When the automatic CSR generation is selected by the user, both the CSR and the private key are generated using a Javascript library (forge) on the user's client (browser) side. The private key is then encrypted on the client using aes256 with a key that is derived from the user’s plaintext password - this key is generated on login and stored in the browser's local storage and never leaves the browser. The user's plaintext password is never sent to our backend without prior hashing either. The resulting CSR and encrypted private key are then submitted to our backend. The backend saves the encrypted private key on our systems and sends the CSR to Sectigo for signing. Once the backend receives the callback from Sectigo that the certificate has been issued we store the certificate on our backend and the client indicates to the user that the certificate has been issued. The user can then download the certificate using our web portal. Upon clicking on the download link, the client-side javascript retrieves the certificate and corresponding private key from our backend, decrypts the private key again using the same encryption key stored in local storage and generates a ZIP file on-the-fly that contains the certificate, decrypted private key and the ca_bundle files for the user to save locally.

The reason why we store the encrypted private key on our backend is to allow our customers to download their certificates at a later point in time. However, ZeroSSL is never capable of decrypting the private key.

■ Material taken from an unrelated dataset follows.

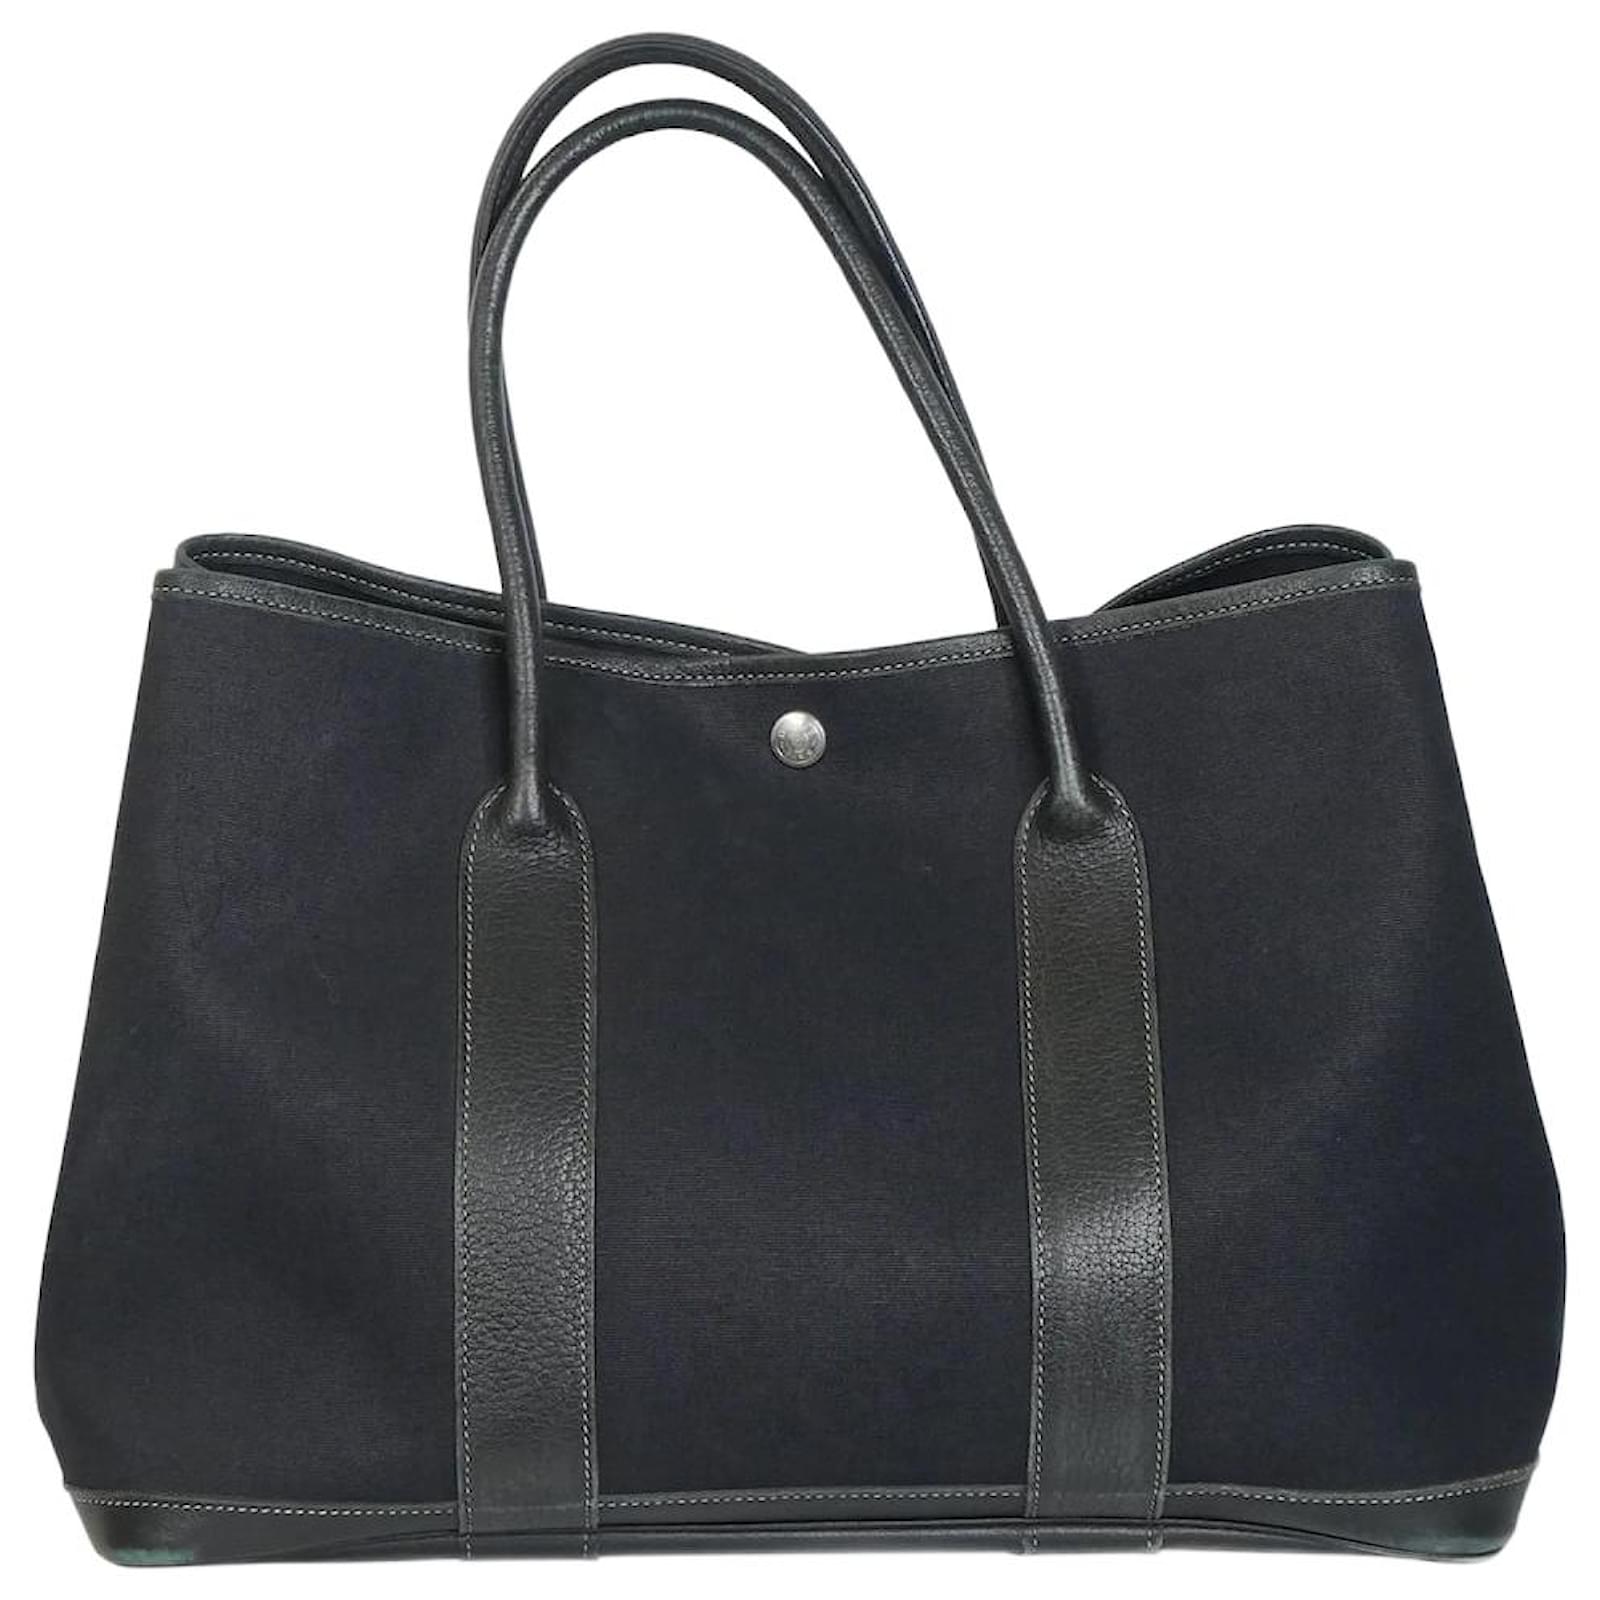 Hermes Garden Party Womens Totes, Black

If you don't want to take my word for it, here's a process on how you can verify this (apart from reading the javascript code):

  1. Login to ZeroSSL and open Firefox's Storage Inspector developer tool
  2. Locate the "encryption_key" (under Local Storage -> app.zerossl.com). This is the key that is being generated on the login form and passed to the aes256 encryption algo and has been derived directly from the password that you entered in the login form input field.
  3. Open the Network Inspector and click on the "New Certificate" button
  4. Fill out the forms, leaving "Auto-Generate CSR" checked until the "Finalize Your Order" step
  5. Upon clicking "Next Step" on the last page the key pairs and CSR are generated and the private key is encrypted (all done on the browser). Afterwards you should see a POST request to https://app.zerossl.com/ajax/advanced_ajax_handler.php?type=zerossl_create_certificate . Please inspect the request body and copy the value of "postArray".
  6. You'll find that the POST payload is a json document containing the "certificate_domains", "certificate_validity_days", "certificate_csr" and "certificate_pk_encrypted" fields.
  7. Save the json payload to a file named "body.json"
  8. Run the following commands to inspect the private key:
# (jq and sed required):
jq -r .certificate_pk_encrypted body.json | sed '/^-----/s/+/ /g' > private_key_encrypted.pem
# On the next command, when prompted, enter the value of the "encryption_key" extracted from the Storage Inspector
openssl rsa -in private_key_encrypted.pem -text
  1. The above command should show you the contents of the private key, decrypted with the previously extracted "encryption_key" which was not sent to the server.
  2. You will find that when you finish the rest of the process and click on the download link for the ZIP file that the response payload from the server contains - again - the encrypted private key.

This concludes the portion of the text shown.